Strategy: Long-Context vs. RAG

A major debate in the AI community is whether we should dump all data into a model (Long-Context) or use search to find relevant bits (RAG).

Figure 3: Comparison of LLM performance on the testmini split in long-context versus RAG settings

Figure 3 reveals an interesting trend. For the most capable models (like GPT-4o), the Long-Context approach (red bars) slightly outperforms or matches RAG. This suggests these models are getting better at managing attention over massive sequences. However, for smaller or less capable models (like Llama-3.1-8B), RAG (blue bars) is often superior because it reduces the noise and focuses the model on the relevant section.

The Importance of Retrieval

If you choose the RAG route, the quality of your “search engine” matters immensely. The researchers tested different retrieval methods: BM25 (keyword matching), Contriever, and OpenAI’s embeddings.

Table 4: Performance comparison of various LLMs across different RAG settings

Table 4 shows that Oracle performance (where the model is given the exact correct evidence) is significantly higher (around 83%) than any retrieval method. This proves that a major bottleneck is simply finding the right table or paragraph. Interestingly, the old-school BM25 algorithm often performed competitively with expensive vector embeddings, highlighting that in finance, exact keyword matching (like finding a specific account name) is vital.

The Power of “Thinking”

Finally, the researchers validated the importance of Chain-of-Thought (CoT) prompting.
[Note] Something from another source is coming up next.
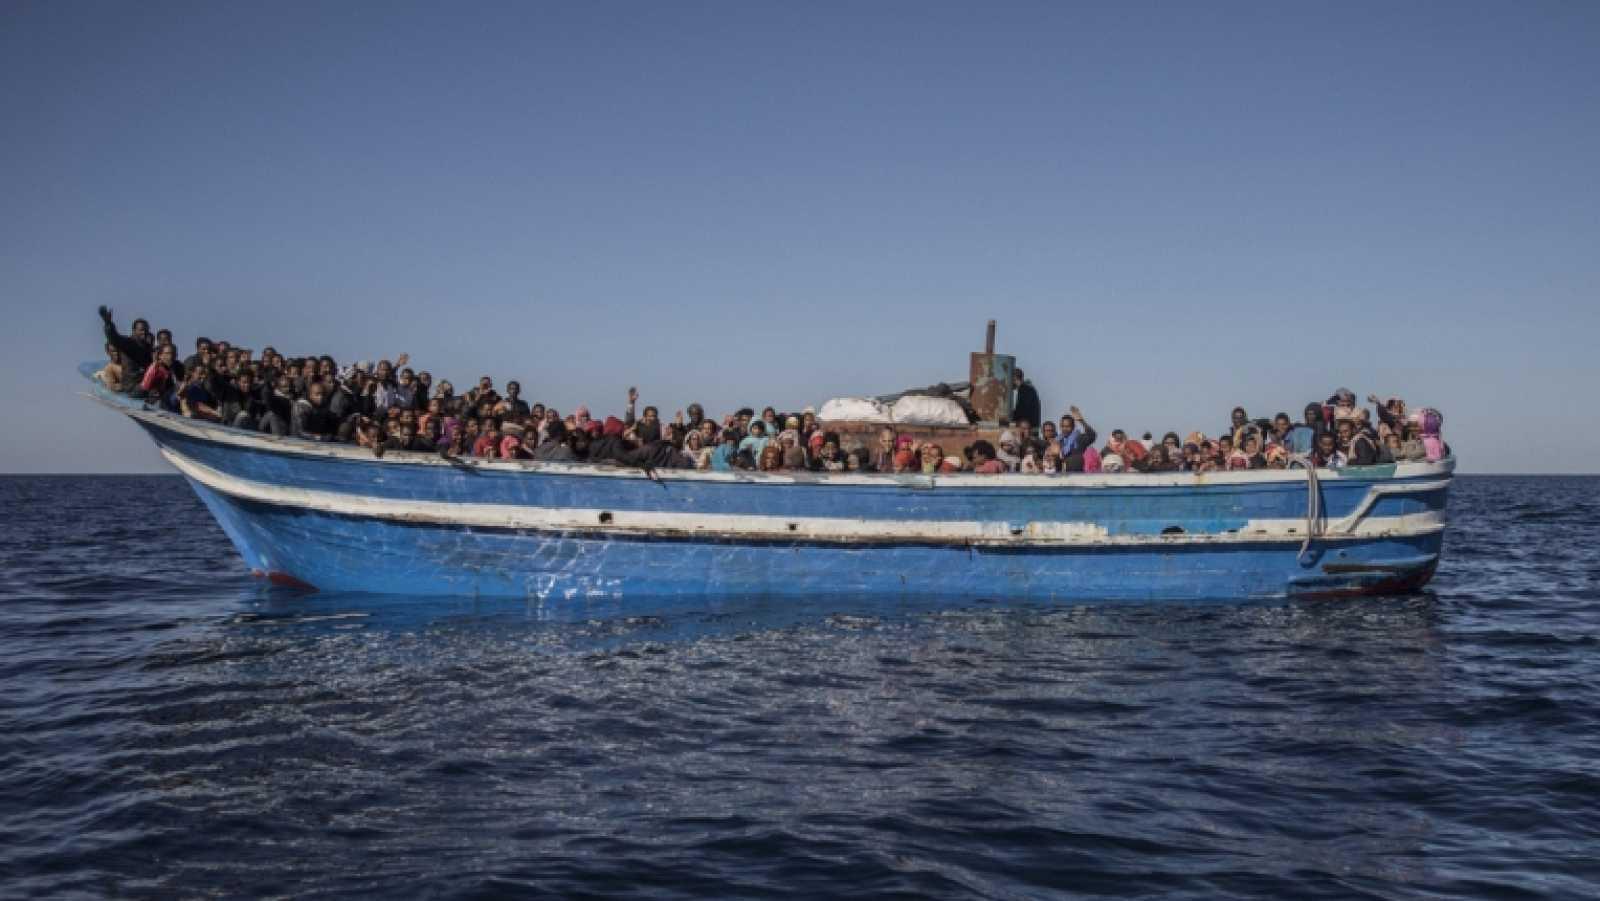 África hoy - 'Cartas mojadas', el documental que muestra el viaje del Open Arms hasta Libia - escuchar ahora

This is the technique of asking the model to “think step-by-step” before giving a final answer.

Table 5: Comparison of LLM performance with and without CoT Prompting methods

Table 5 is definitive: removing the reasoning step (“w/o CoT”) causes accuracy to plummet. For example, Qwen2.5-7B drops from 69.0% to 51.1% in the Long-Context setting without CoT. This confirms that financial verification isn’t just about pattern matching; it requires logical, sequential deduction.

Error Analysis: Where do Models Fail?

Upon manually reviewing the errors made by GPT-4o, the researchers identified four main failure modes:

  1. Extraction Error: The model looks at the wrong table or paragraph.
  2. Numerical Reasoning Error: The model retrieves the correct numbers but sets up the math equation wrong (e.g., adding instead of subtracting).
  3. Calculation Error: The logic is right, but the arithmetic is wrong (a common issue with LLMs, though improving).
  4. Domain Knowledge Deficiency: The model fails to understand a financial accounting principle implicit in the text.

Conclusion and Implications

The FINDVER benchmark serves as a reality check for the deployment of AI in the financial sector. While models like GPT-4o and Claude-3.5 are impressive, they still lag significantly behind human experts when faced with the complexity of real-world financial filings.

The study highlights that future progress relies on three things:

  1. Better Retrieval: We need smarter systems that can pinpoint relevant tables in 100-page documents.
  2. Enhanced Reasoning: Models need to get better at multi-step numerical logic.
  3. Hybrid Literacy: The ability to seamlessly synthesize information from dense text and complex tables is non-negotiable.

For students and researchers entering the field, FINDVER offers a robust testing ground. It moves us away from verifying simple facts like “The sky is blue” toward verifying complex, high-stakes claims like “The company’s liquidity position improved due to operating cash flow offsets.” As models improve on FINDVER, we step closer to AI systems that can truly serve as reliable financial analysts.